天鹤看着扑棱棱飞到面前的漂亮大鸟,一下子真的老泪纵横了:
“徒儿啊,你还是念着为师的啊……”
感动了会再看,哪里还见小徒弟人影。
只有招人烦的李司意在旁边一下一下地戳鸟玩,天鹤没好气地打掉他手,宝贝地带着大鸟走了:
“滚蛋!”
李司意:“……”
他一定是捡来的徒弟。
另一边,崔望则去了执事堂,取了“开峰令”,一脚踏到半空。
白袍剑修凌空而立,魂识扩开,一瞬百里——
这霸道行径,几乎在瞬间便惊动了藏于归墟各处的大修士,他们纷纷将魂识探出,待见到立在半空的崔望,不由一惊:
“离微?”
“是弟子。”
“在此何为?”
“弟子欲另立一峰。”
“如此,可。”
这十来道深不可测的魂识又顿时如潮水一般退却。
可这些魂识退归退,却还在远处观察着归墟门这位新秀,看他打算将新峰立在何处。
“轰——轰——轰——”
一阵地动山摇里。
崔望选好了。
暗处的大修士们也傻眼了。
这位归墟新秀,选的既不是元气浓度高的风水宝地,也不是远离喧嚣的清静之地,反而选在了玉清门与归墟门的临界处,最最靠近玉清门的一座矮峰,再往外去一点,便要出门派大阵了。

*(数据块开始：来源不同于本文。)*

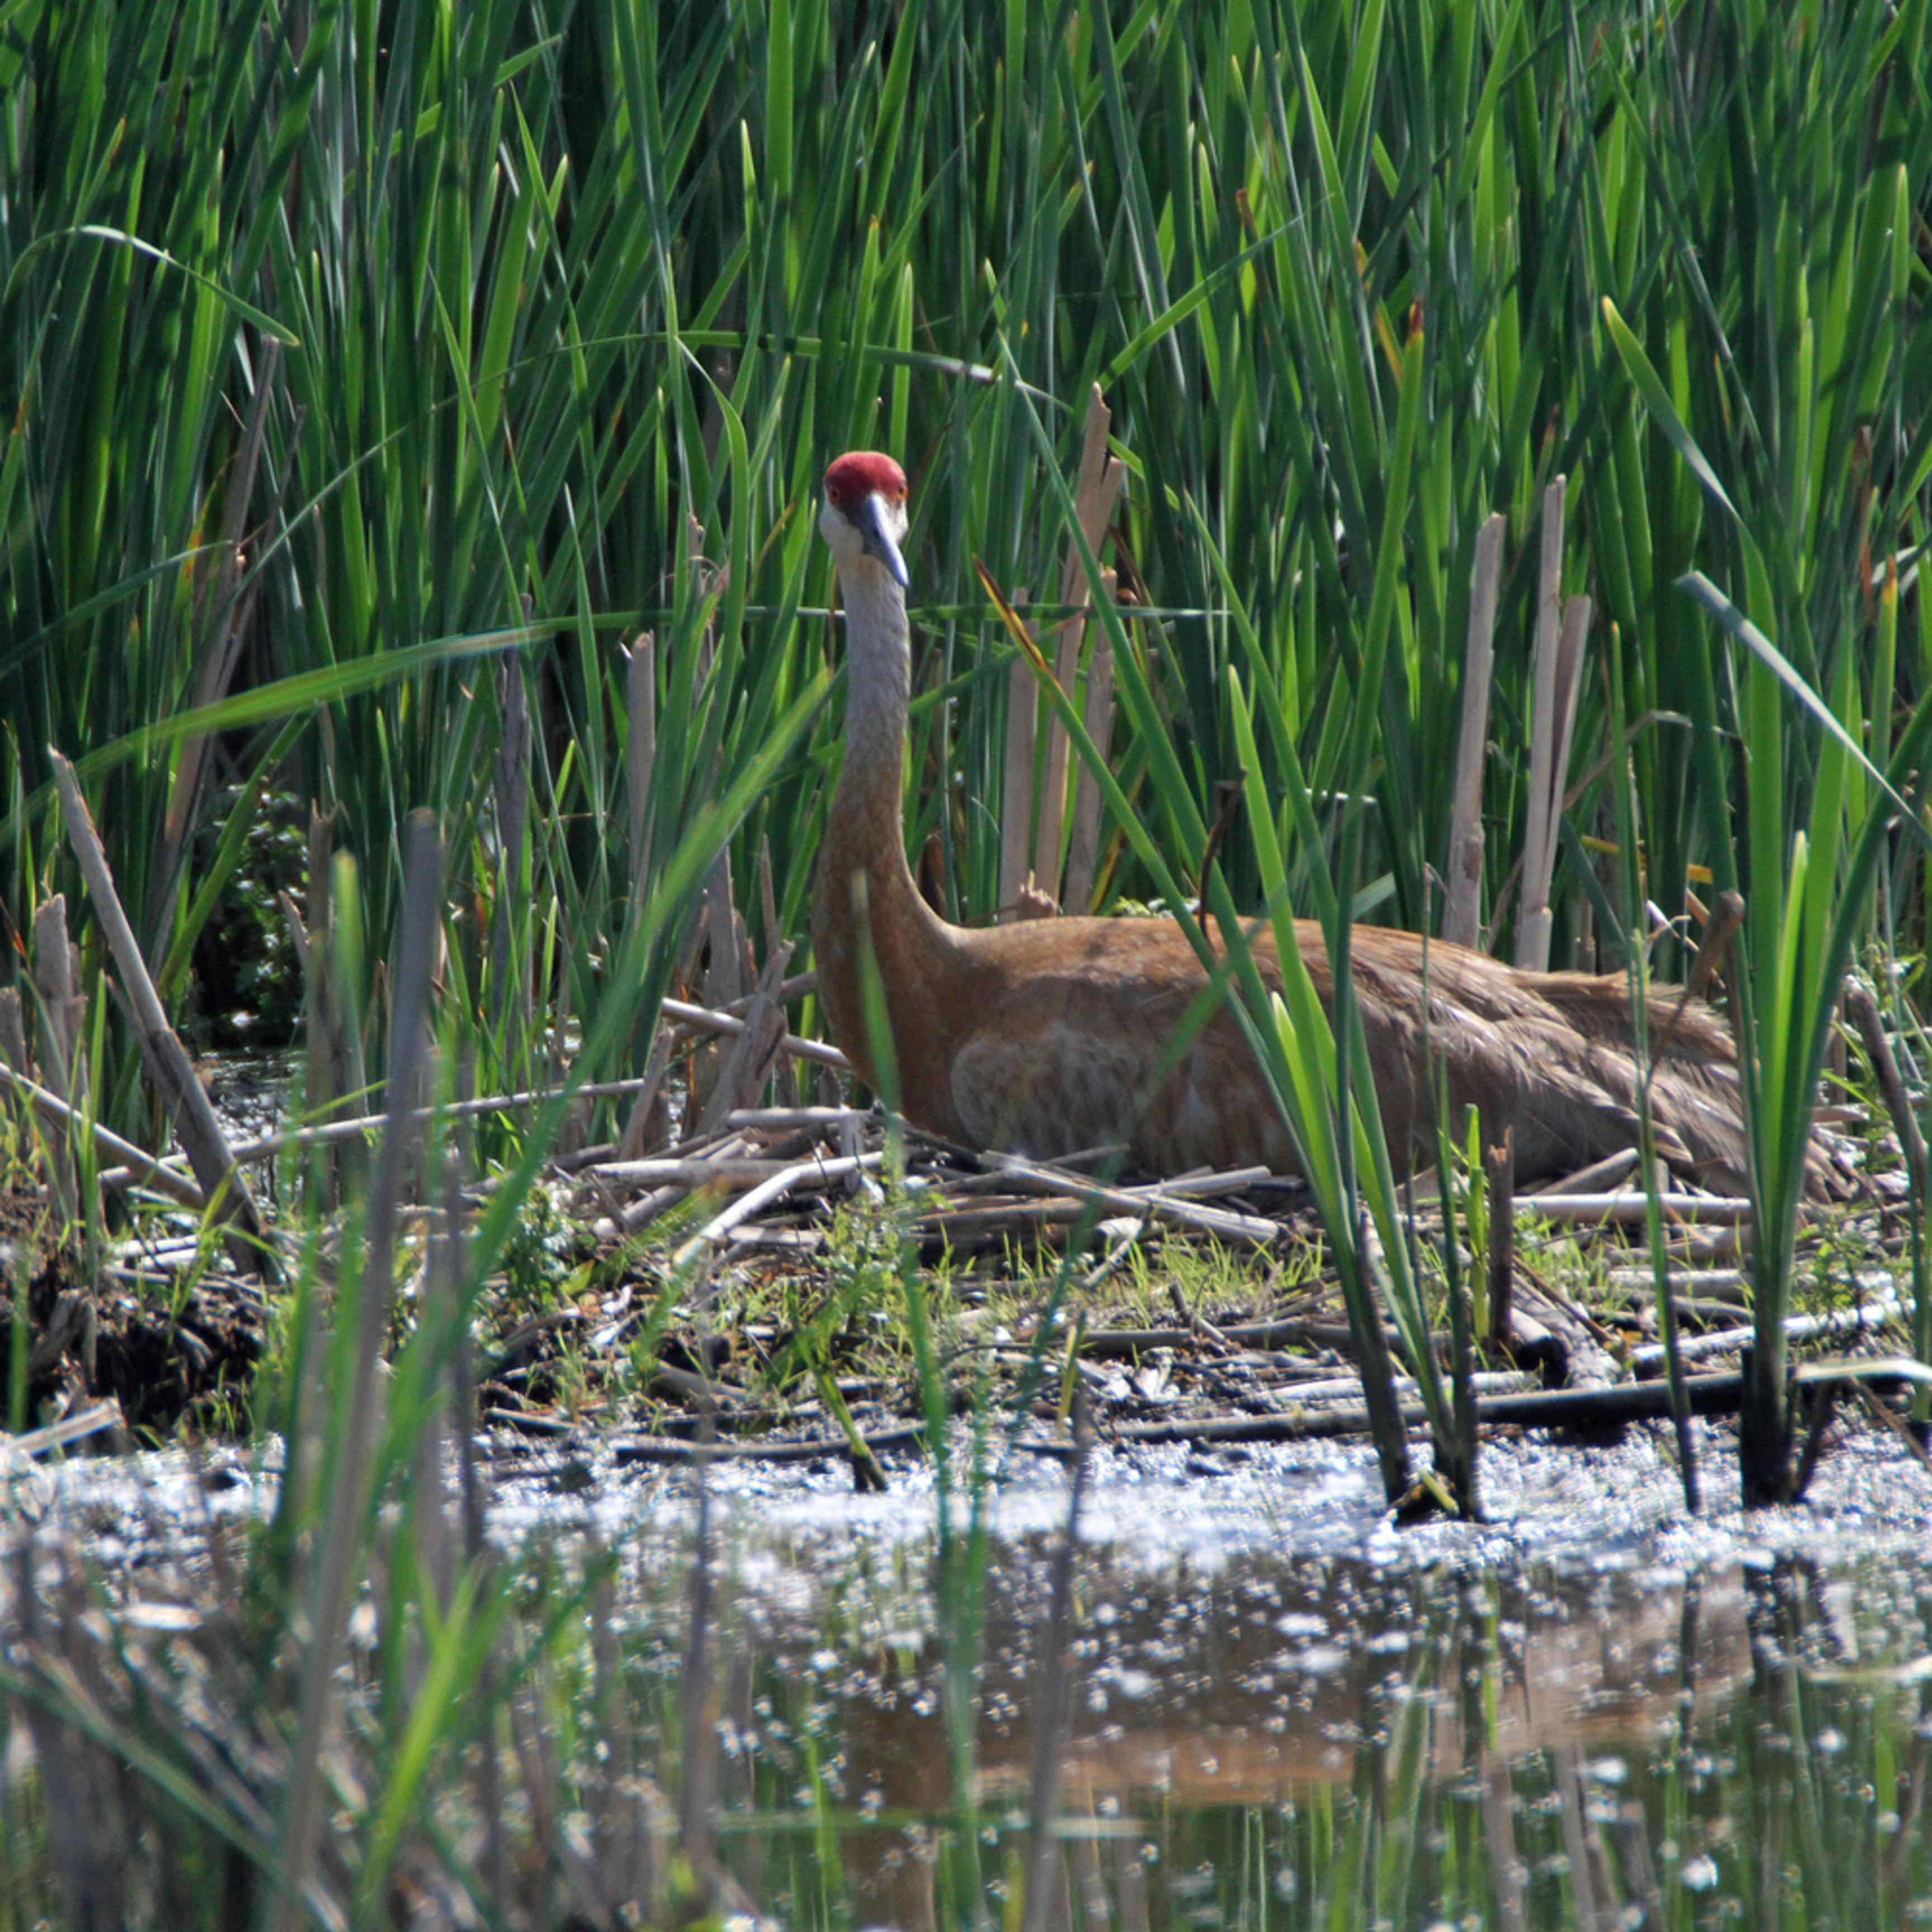 Nesting sandhill crane bppwsq

这实在是平平无奇的一块地,否则,也不至于荒废万万年,都没人选。
不过,很显然这位新秀很是中意,花不到一天时间,便领着执事堂,将里里外外打点好了。
峰顶在一个白天,便盖了一座古色古香的院落,亭台楼阁、翘脚飞檐,一色的青砖琉璃瓦,看上去雅致又大气。
院旁挖了个巨大的湖泊,建了湖心亭,游廊九曲十八弯,还建了水榭、石舫,湖中各色睡莲挤挤挨挨,湖泊沿岸,遍植千叶海棠,此时节也不知用了何种方法,竟叫这将近三里的千叶海棠怒放。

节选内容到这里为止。